Qatar Insurance Group (QIC)
- Founded: 1964
- Headquarters: Doha, Qatar
- Key people: Salem Khalaf Al Mannai (CEO) Sheikh Hamad bin Faisal Al Thani (Chairman)
- Number of employees: 125
- Website: qic-group.com

= Qatar Insurance =

Qatar-based insurance company

Qatar Insurance Group (QIC, QIC Group) is a Qatari insurance company, headquartered in Doha. QIC Group was listed 73rd on Forbes Middle East top 100 companies in 2022 and 72nd on the Fortune 500 Arabia list for 2023.

QIC was established in 1964 as the first domestic insurance company in Qatar. The company has since expanded its operations to include various insurance lines. It operates in ten countries, including Qatar, Oman, Kuwait, the United Arab Emirates, and others.

== History ==
Qatar Insurance Company (QIC) was established in 1964 with the involvement of the Qatari government and private investors. It was one of the first insurance companies in Qatar. QIC expanded its operations to the United Arab Emirates, Oman, and Kuwait in subsequent years. In 2008, the company initiated a global expansion under the name Qatar Insurance Group.

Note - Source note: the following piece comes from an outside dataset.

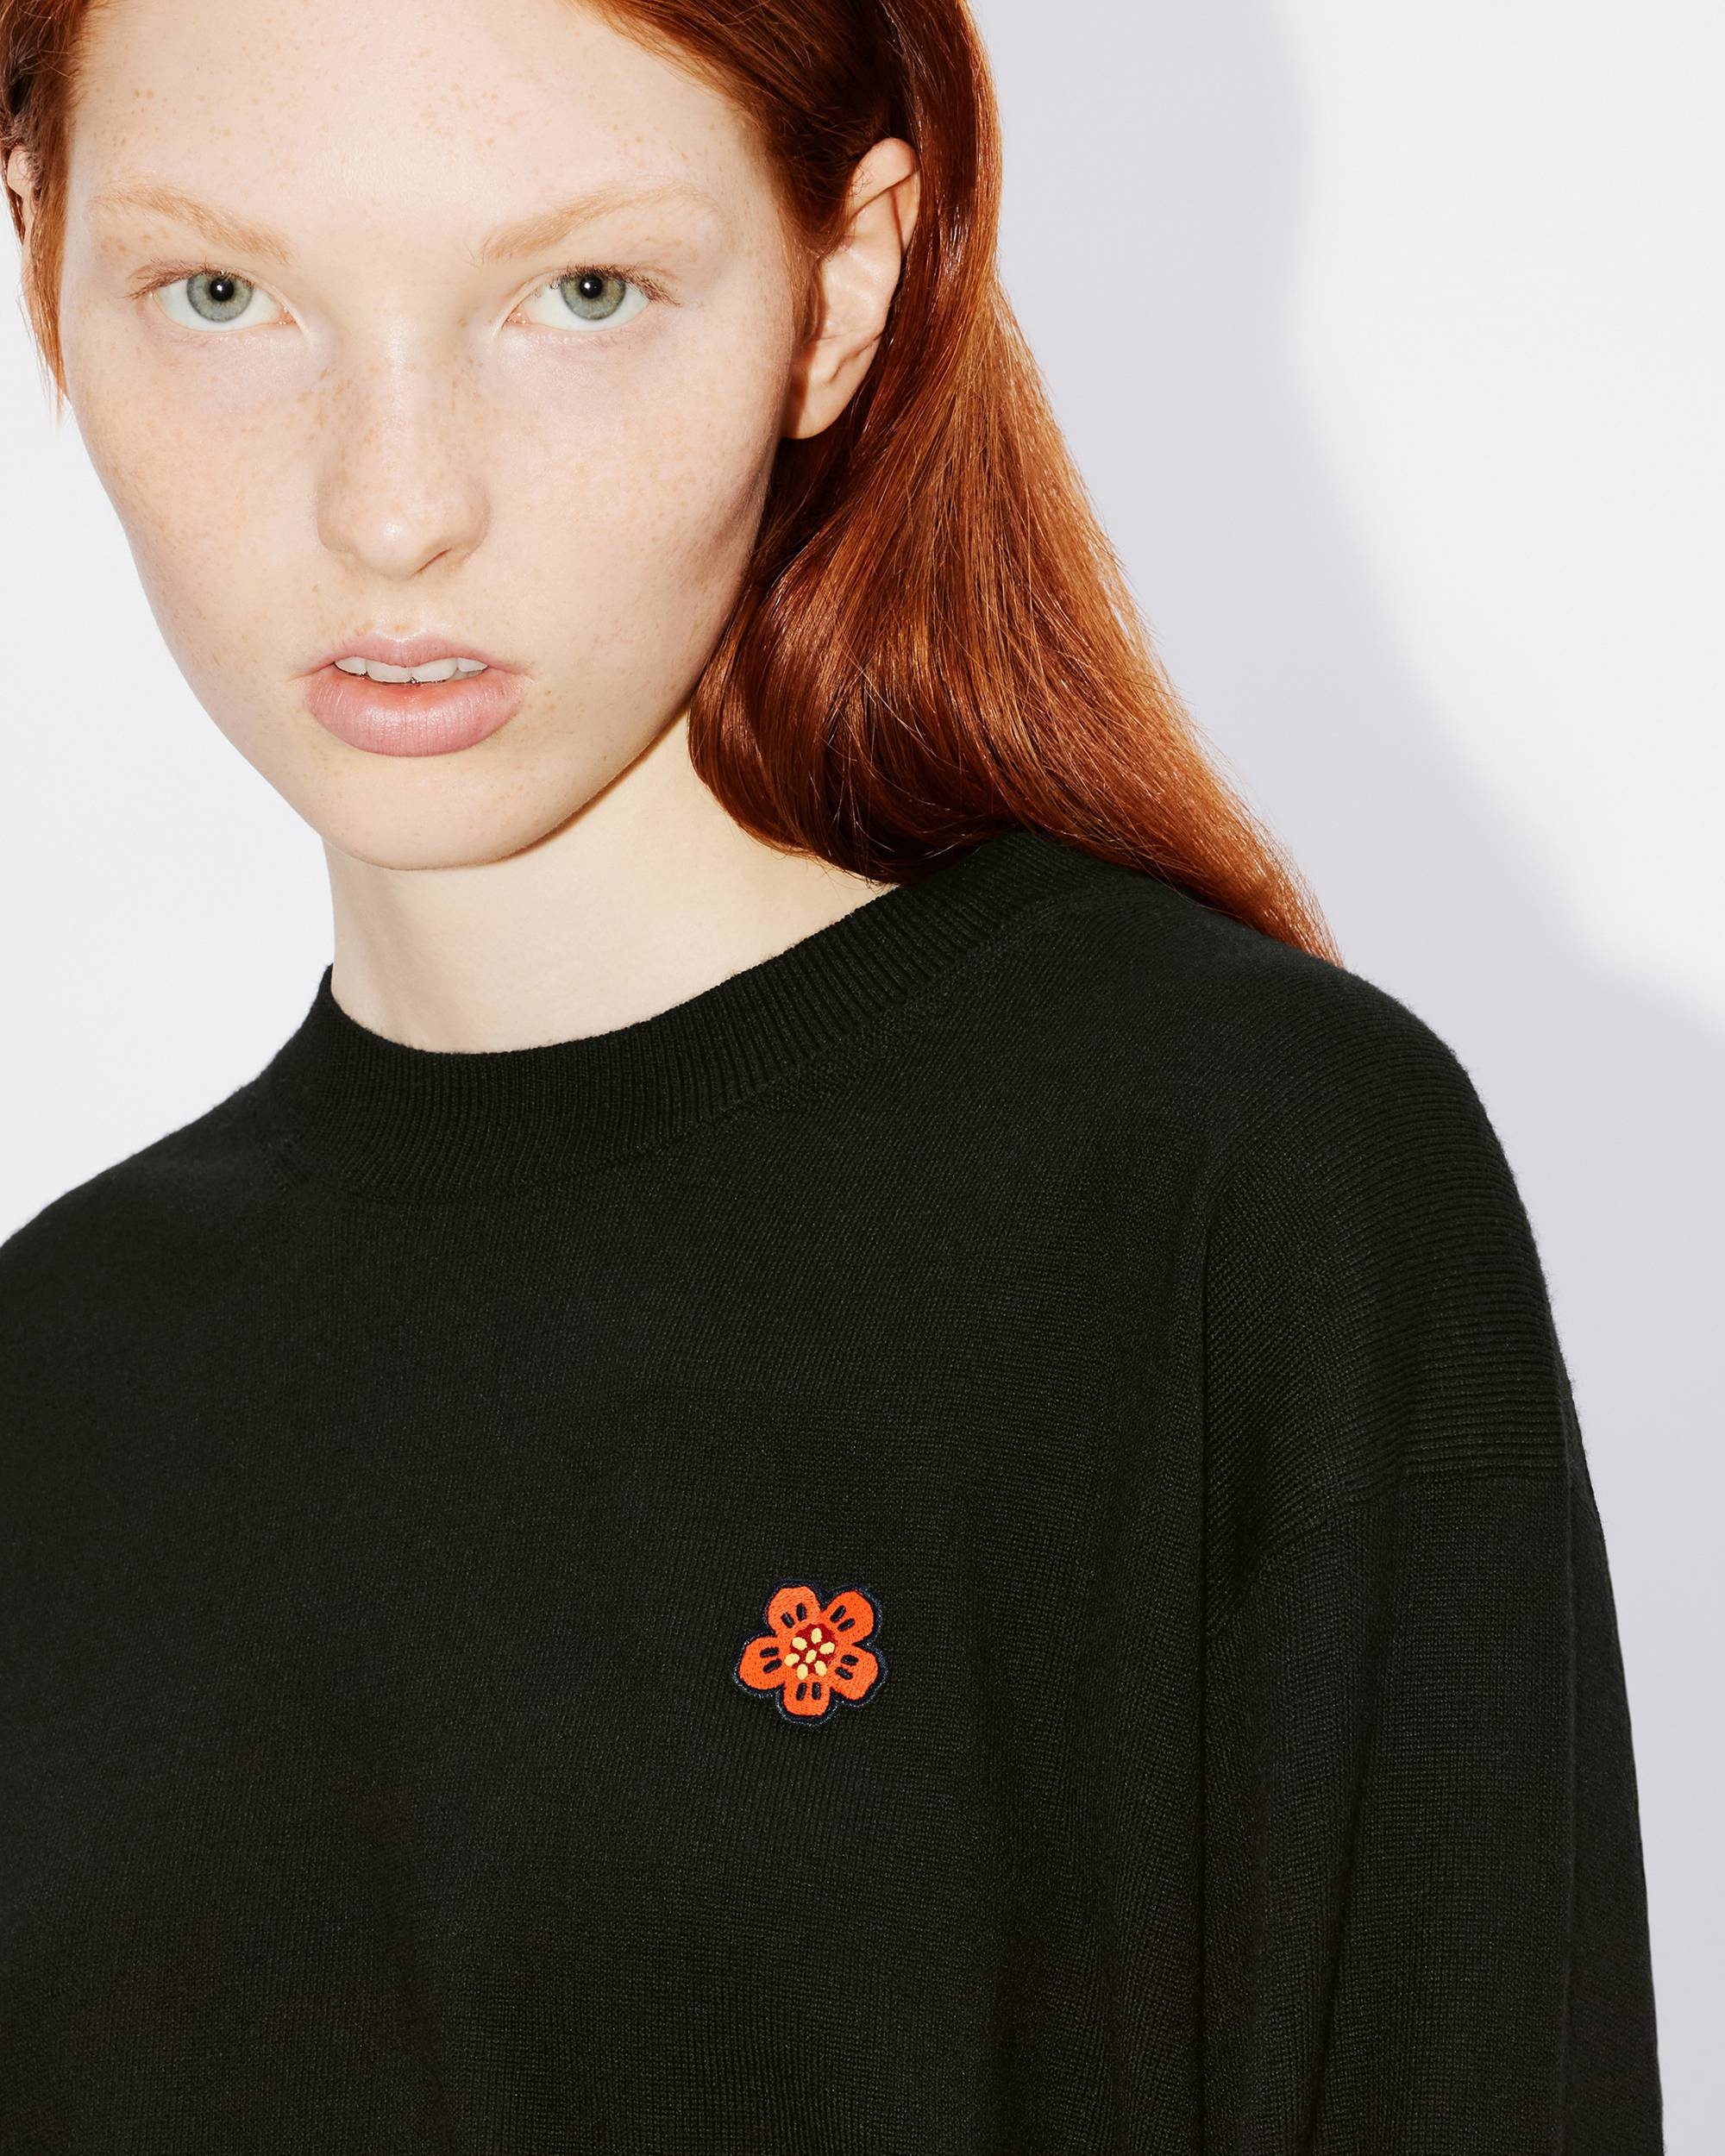 'Boke Flower Crest' embroidered jumper - 6

QIC started focusing on developing its presence and operations in the European and Asian markets through the establishment of Qatar Reinsurance Company Limited (Qatar Re) in 2009, and later on with the acquisition of Antares Holdings Limited together with its subsidiaries in 2014, a leading global specialist insurer and reinsurer operating in the Lloyd’s of London. In May 2019, Epicure Investment Management LLC (“EIM”) a regulated investment manager that is registered in the Qatar Financial Centre was established. Anoud technologies LLC is the Group’s tech arm and was established in 2020.

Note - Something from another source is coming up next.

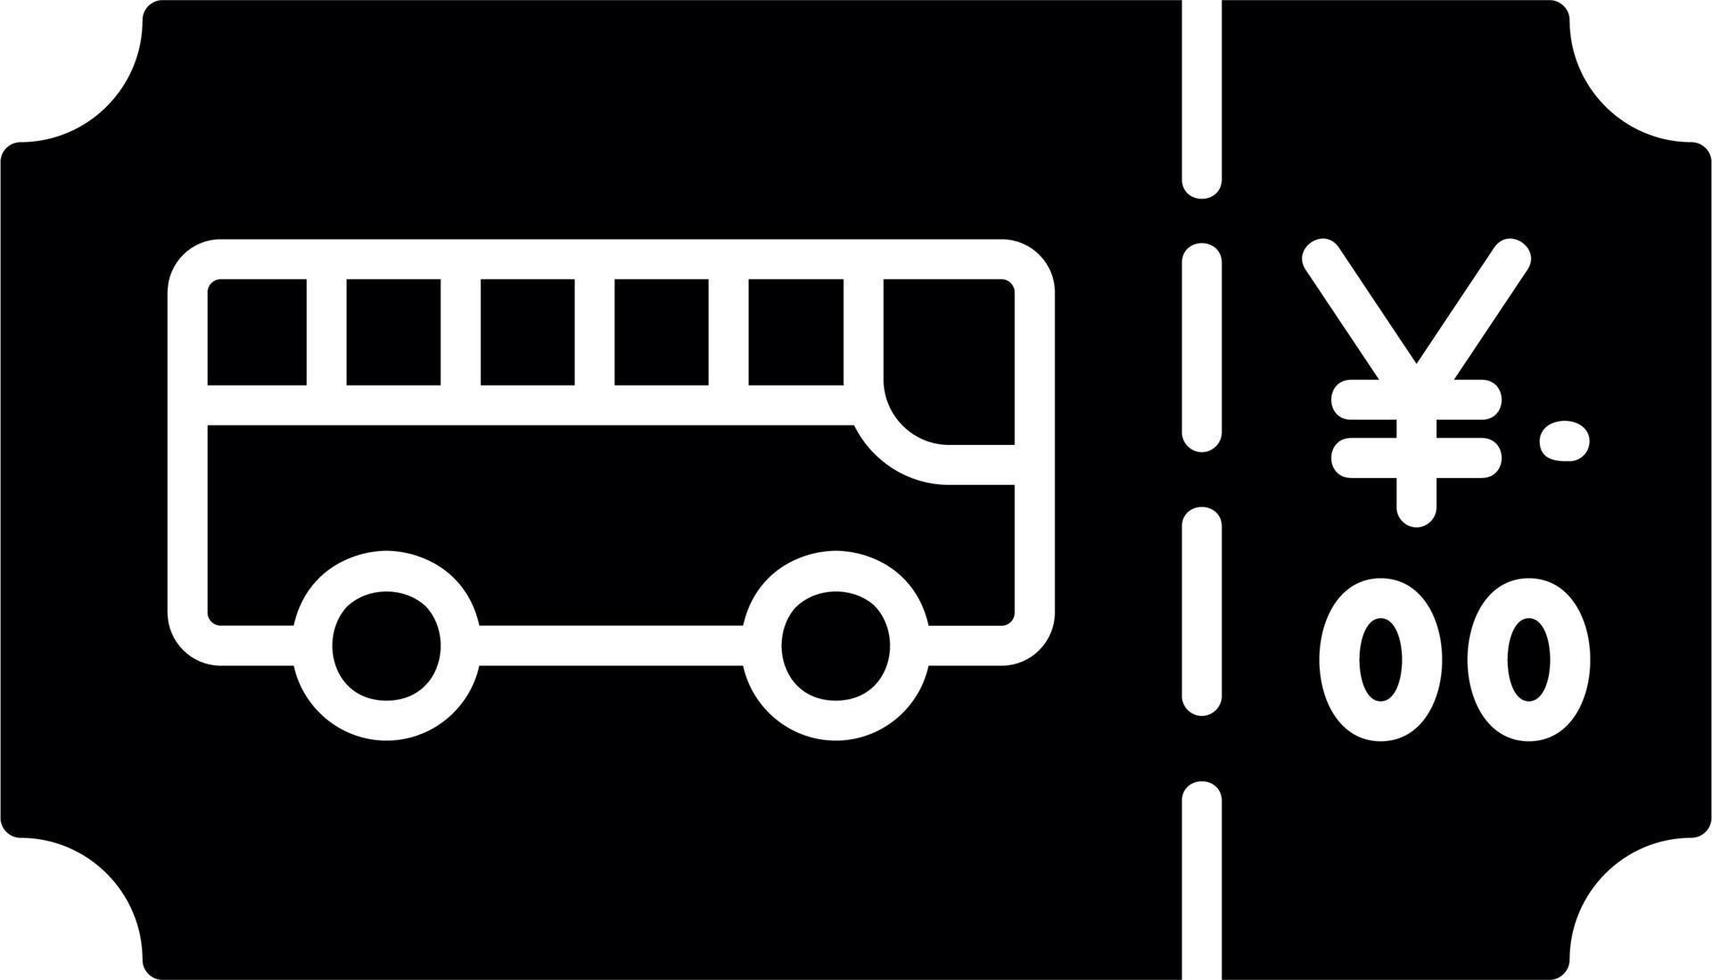 autobus biglietto vettore icona

The Company’s shares were first listed on the Doha Securities Market (now known as the Qatar Stock Exchange) in 1997. QIC Group has a diverse global investment portfolio, including insurance, reinsurance, insurtech, asset management, and real estate sectors. It offers a full range of personal lines of insurance including car, motorcycle, travel, home, boat, life & medical insurance, as well as commercial insurance, including property, commercial, marine, aviation, energy, and motor fleet insurance.

== Awards ==
- Mobile App of the Year , 2024, Qatar accolade at Insurance Asia Awards
- Best travel insurance company in the Middle East, 2024, Global Banking & Finance Review Awards.